__Supplied data__
|---|
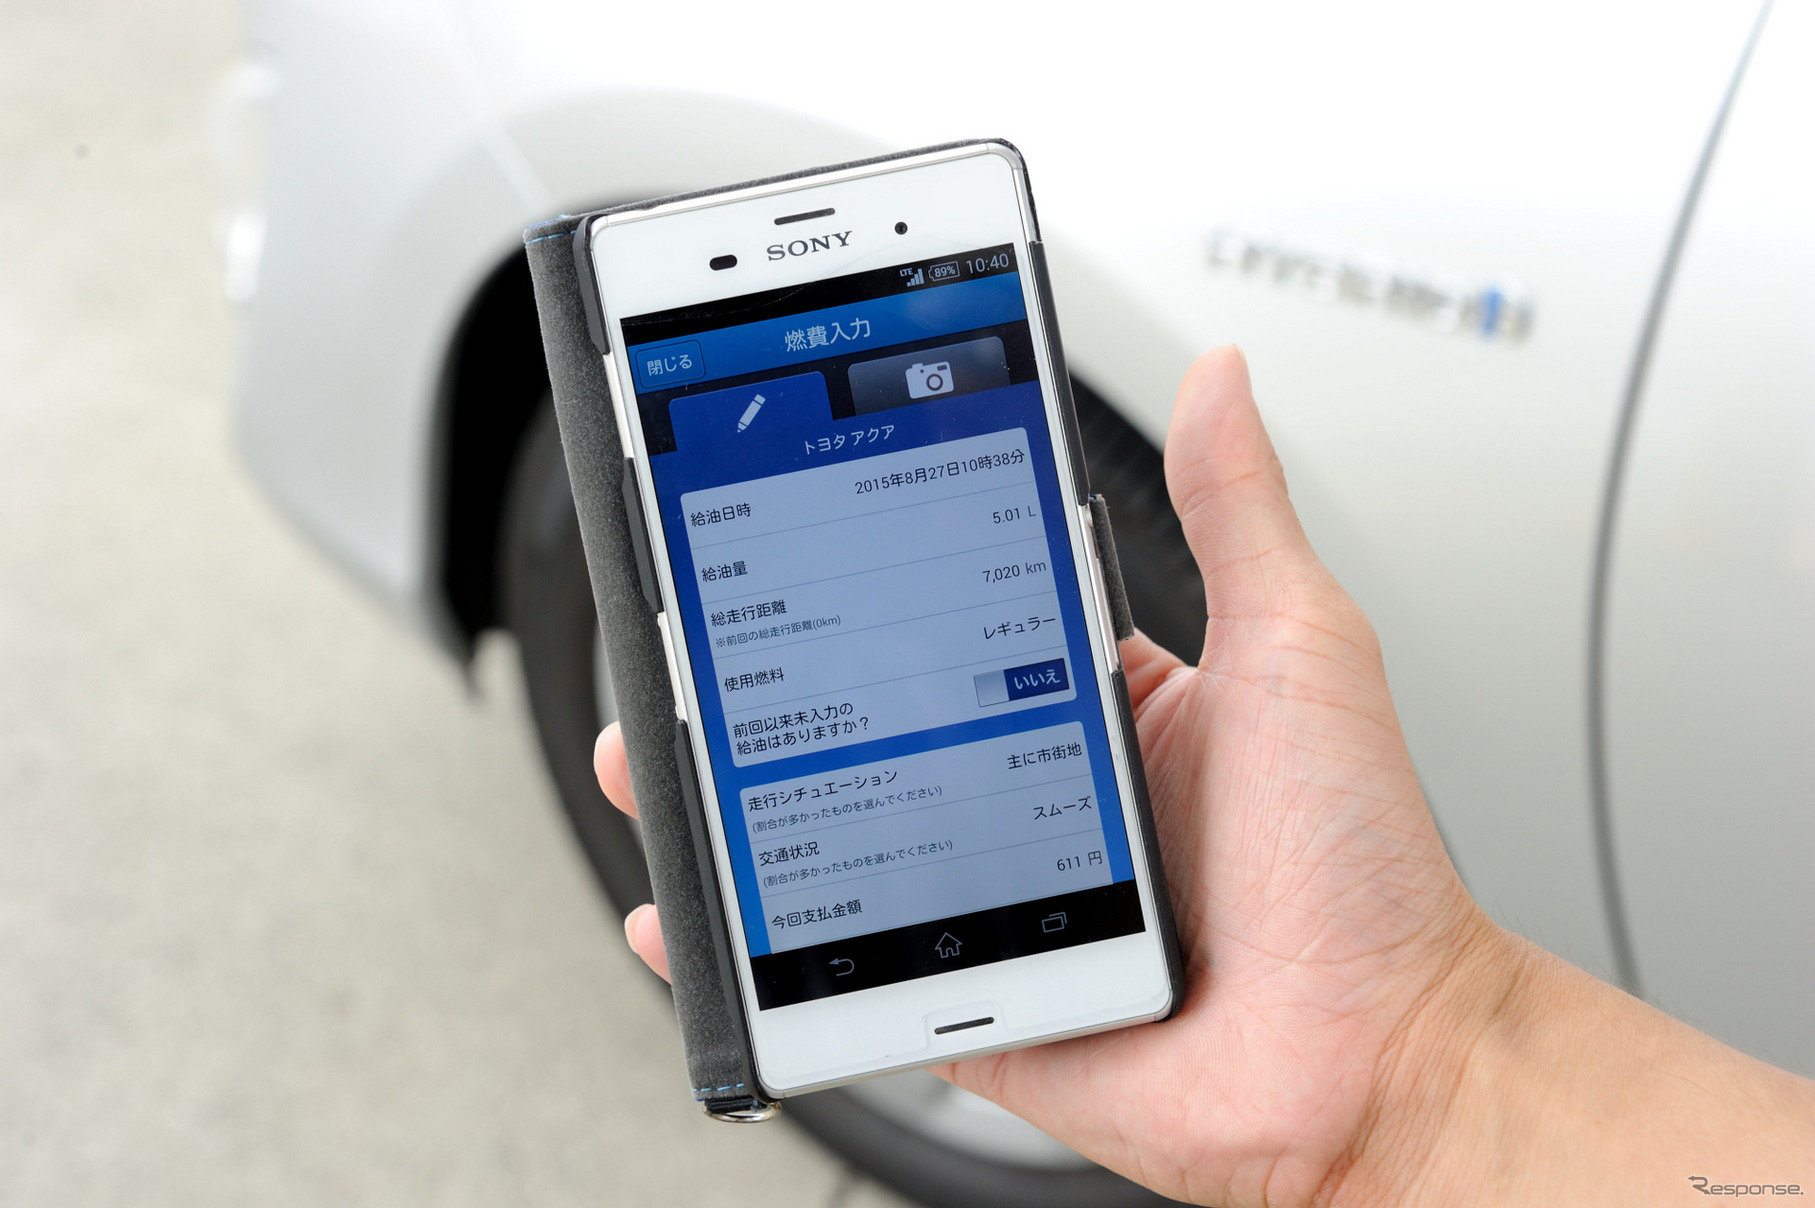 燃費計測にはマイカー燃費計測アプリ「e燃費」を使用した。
|---|
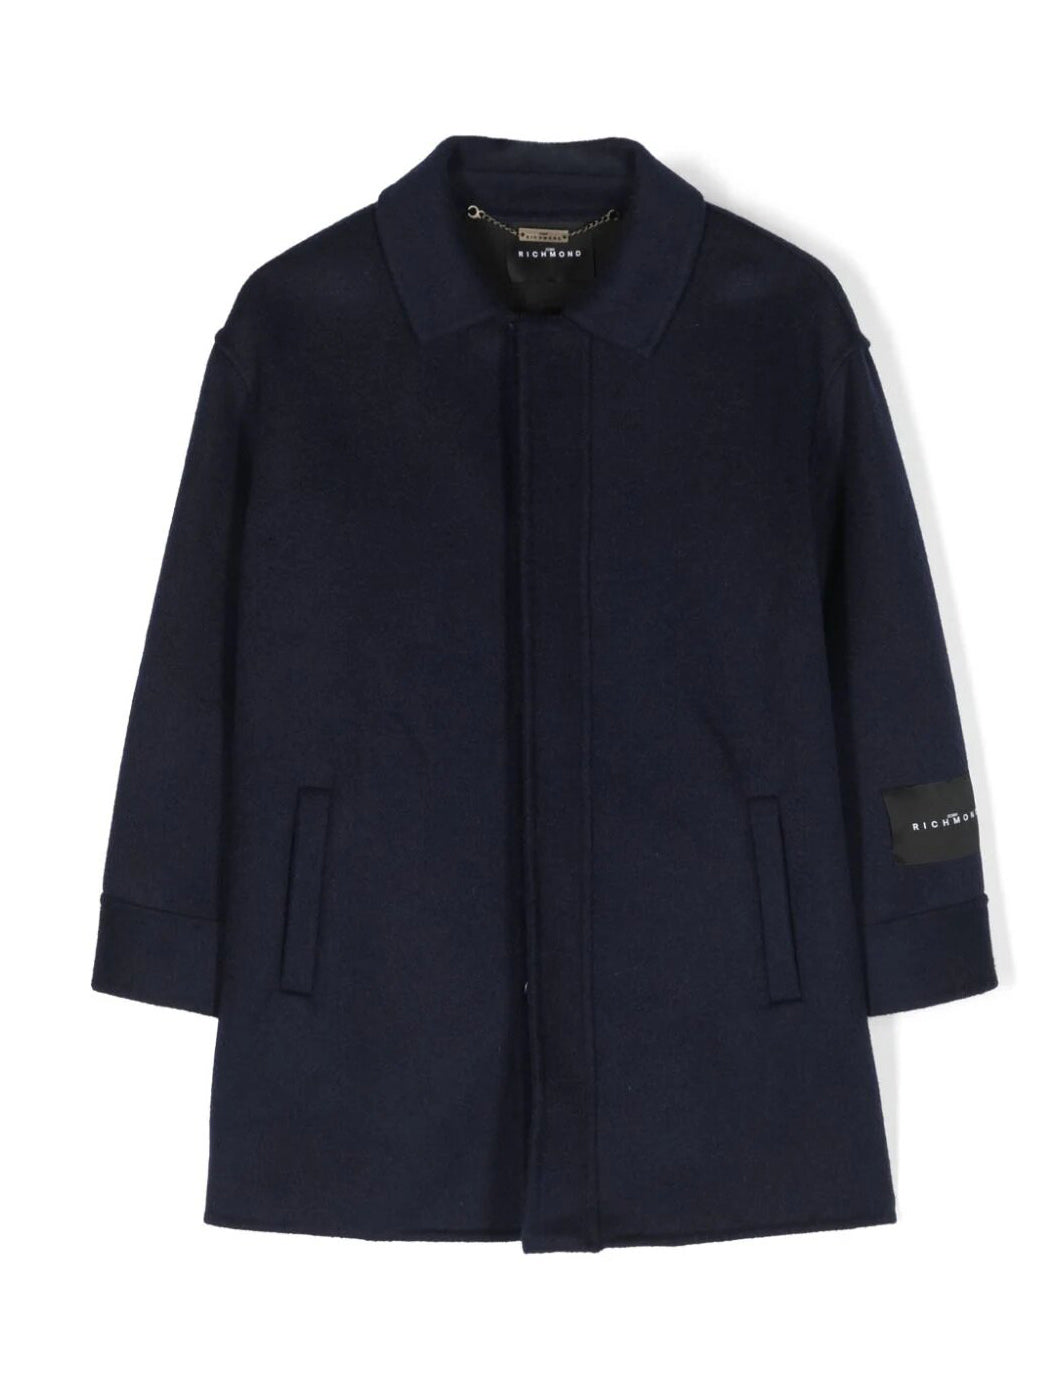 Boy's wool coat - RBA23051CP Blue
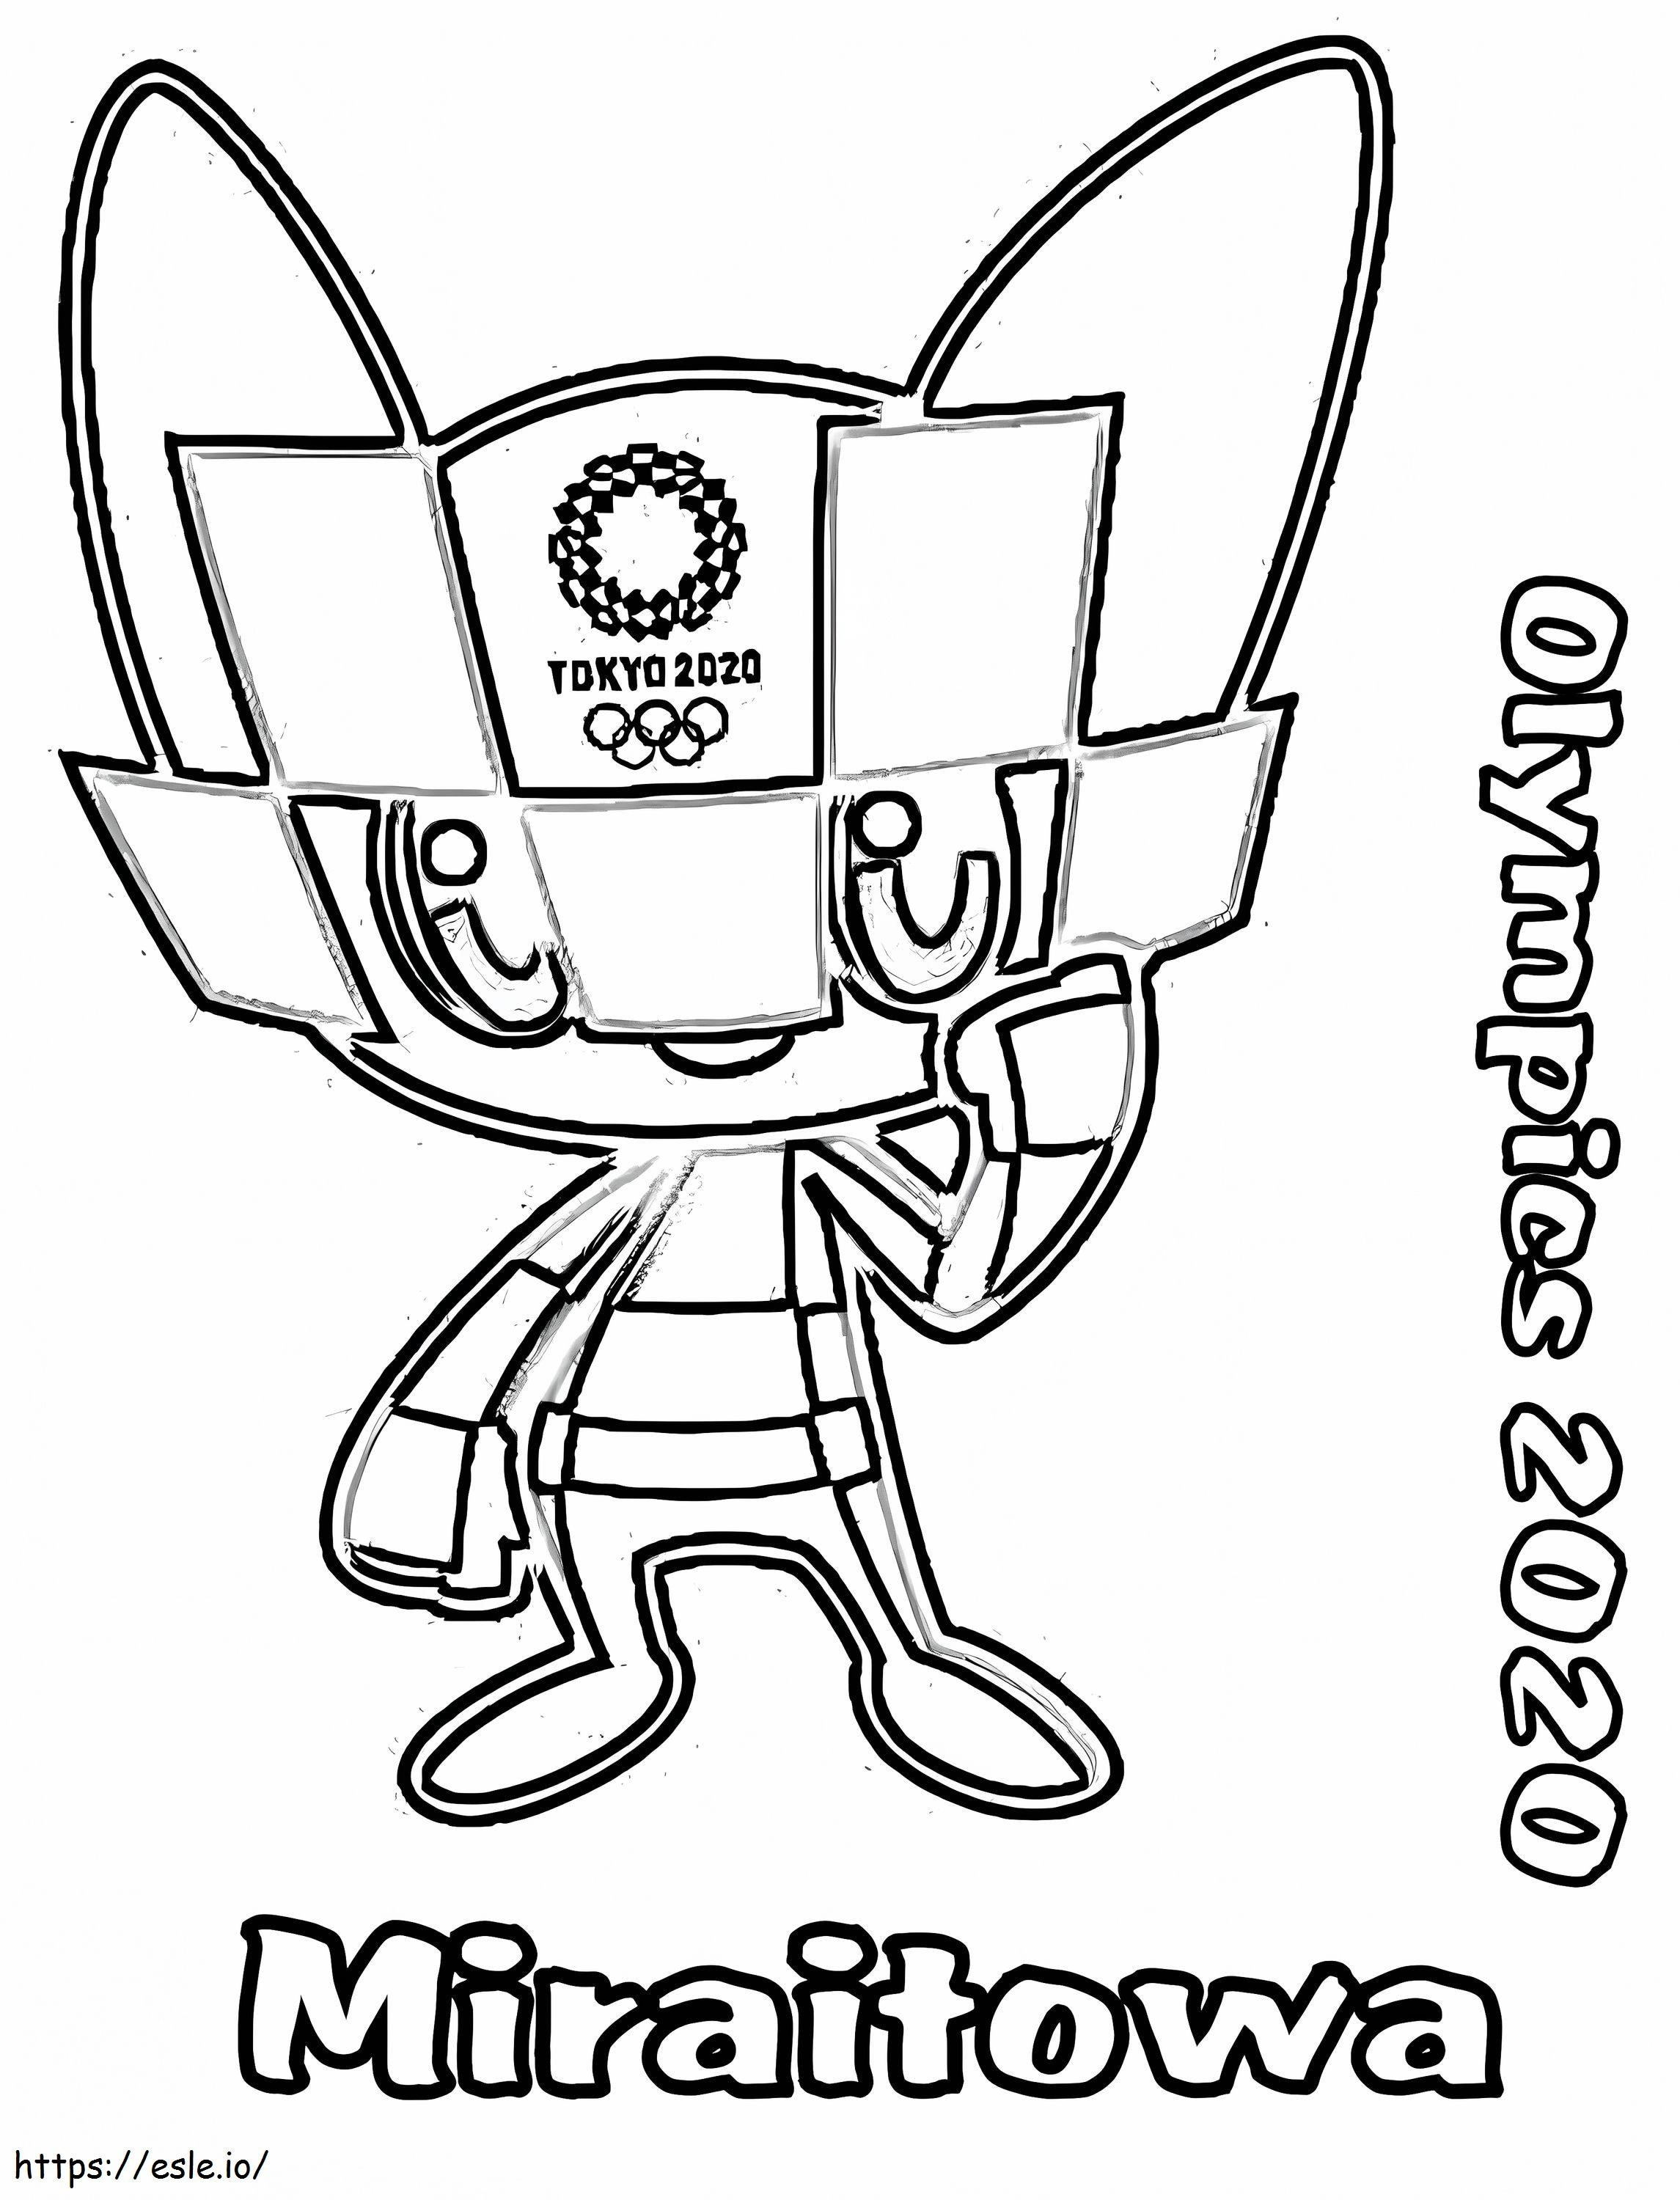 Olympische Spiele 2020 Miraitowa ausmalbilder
|---|
__What this task involves__
Exactly reproduce the lines above, starting at the one that contains "Boy's wool coat - RBA23051CP Blue" and ending at the one that contains "Olympische Spiele 2020", both inclusive; leave the pictures out and add no other lines.

__Result of this exercise__
 Boy's wool coat - RBA23051CP Blue
 Olympische Spiele 2020 Miraitowa ausmalbilder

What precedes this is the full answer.